The government calls scattering ashes “green burials” despite the fact the body is still burned and emits carbon. In a written statement to Motherboard, a spokesperson for the FEHD said the government is pushing to make this the preferred choice for burials across the territory.
As for whether crossing to Mainland China for burial spaces is encouraged or discouraged, the government has no particular stance. “It is entirely the free choice of people to determine the ways to handle the remains of their loved ones,” the FEHD spokesperson wrote.
Alnwick Chan, the property agent, suggests government explore the option of building a large-scale columbarium on one of Hong Kong’s many outlying islands.
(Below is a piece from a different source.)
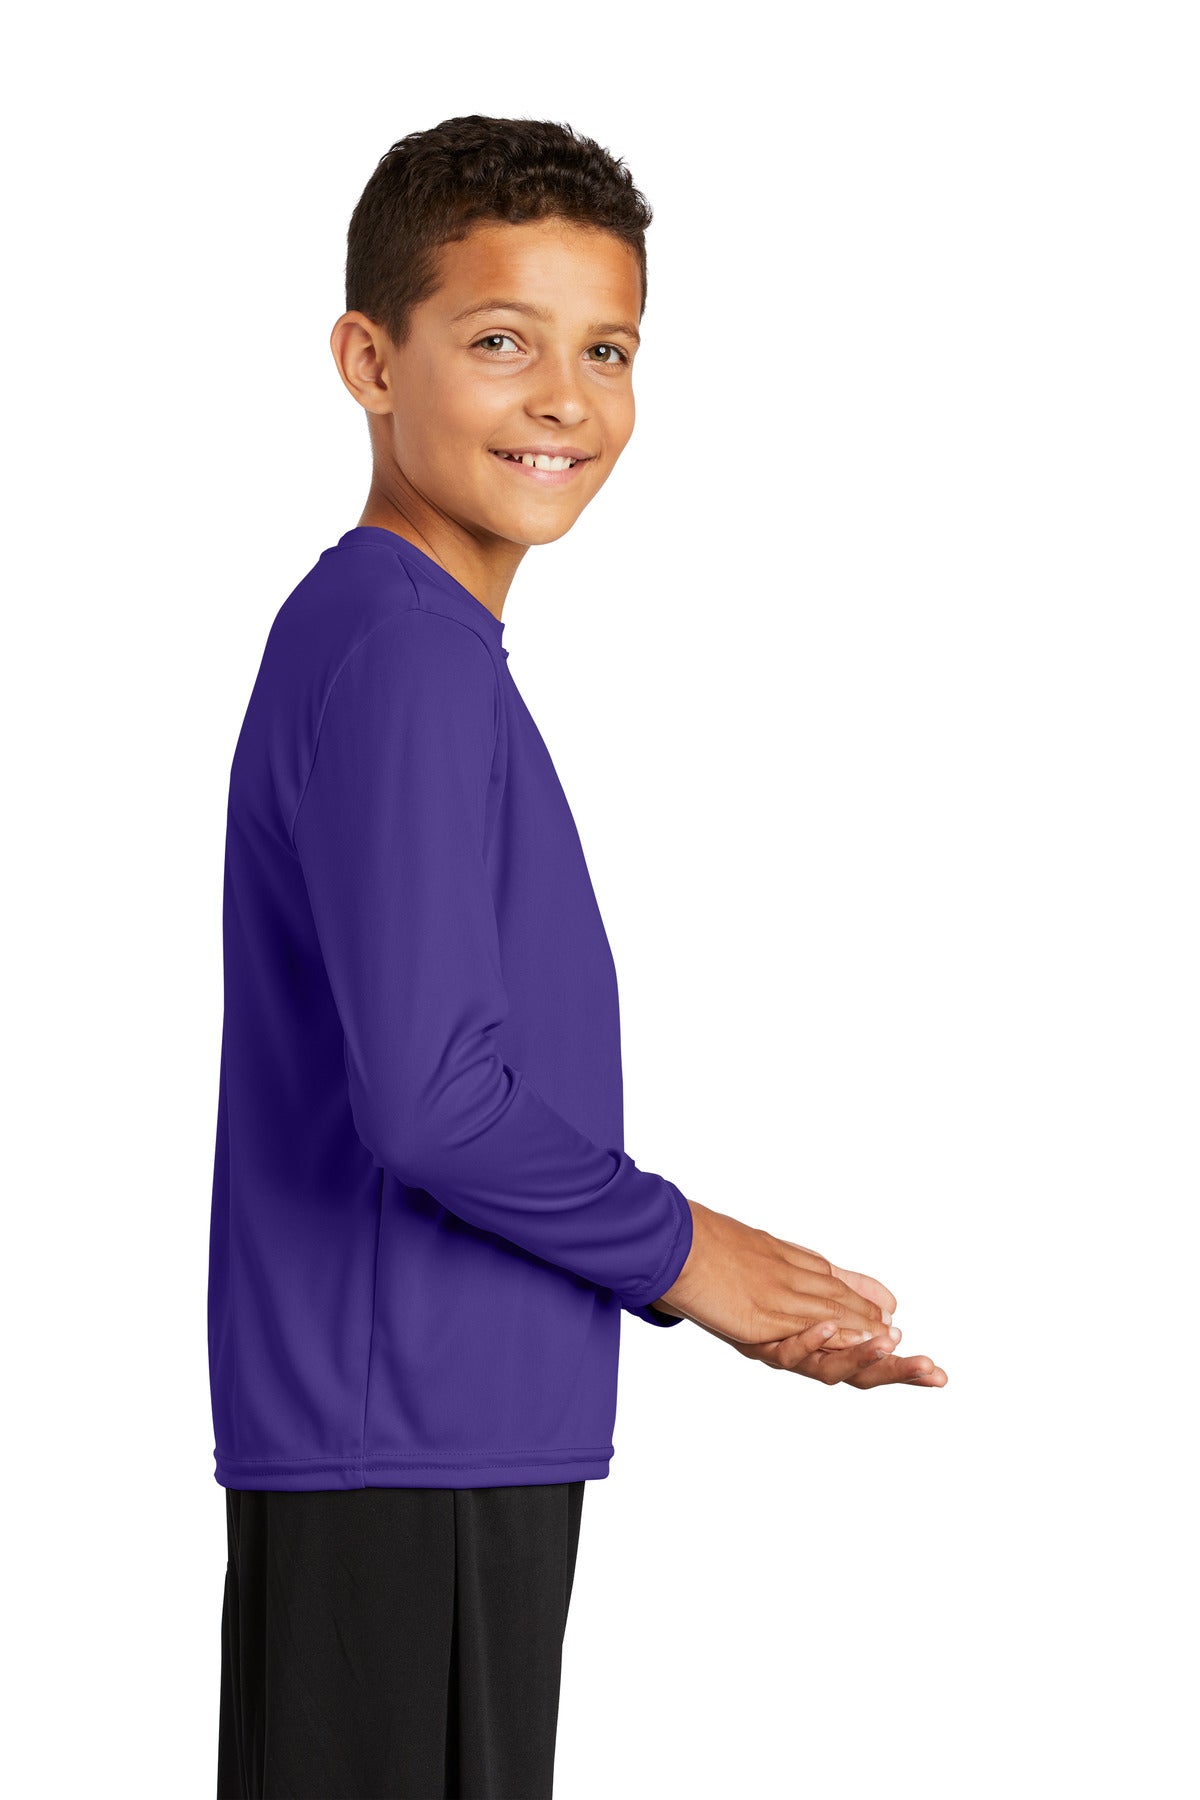 Sport-Tek® Youth Long Sleeve PosiCharge® Competitor™ Tee. YST350LS [Purple] - DFW Impression

But he admits that this would be unlikely given the government’s exhaustive to-do list tackling its housing problems. So for now, he thinks finding a space for ashes across the border just may be the best option.
“Turning to Guangzhou is one of the good ways to solve Hong Kong’s problems,” he told me. “It would relieve the pressure of demand, if the land is legally meant for that purpose.”
Fung, for his part, sees the lack of space to house the dead as an administrative failure, which isn’t unusual in today’s Hong Kong, an increasingly politicized city where younger generations, especially, are growing disenfranchised. He said that if the government acted on finding more land, it could immediately solve the crisis in accommodating its dead.
Fung’s predicament feeds a paradox that complicates death in the Chinese metropolis. He feels the city must build more funeral businesses so that there can be accessible and affordable spaces for relatives like his grandfather. But at the same time, he would be resistant to that new columbarium going up in his own neighborhood.
“It’s an inevitable conflict,” Fung said. “We respect our ancestors, but we don’t want to live with the spirits in their urns.”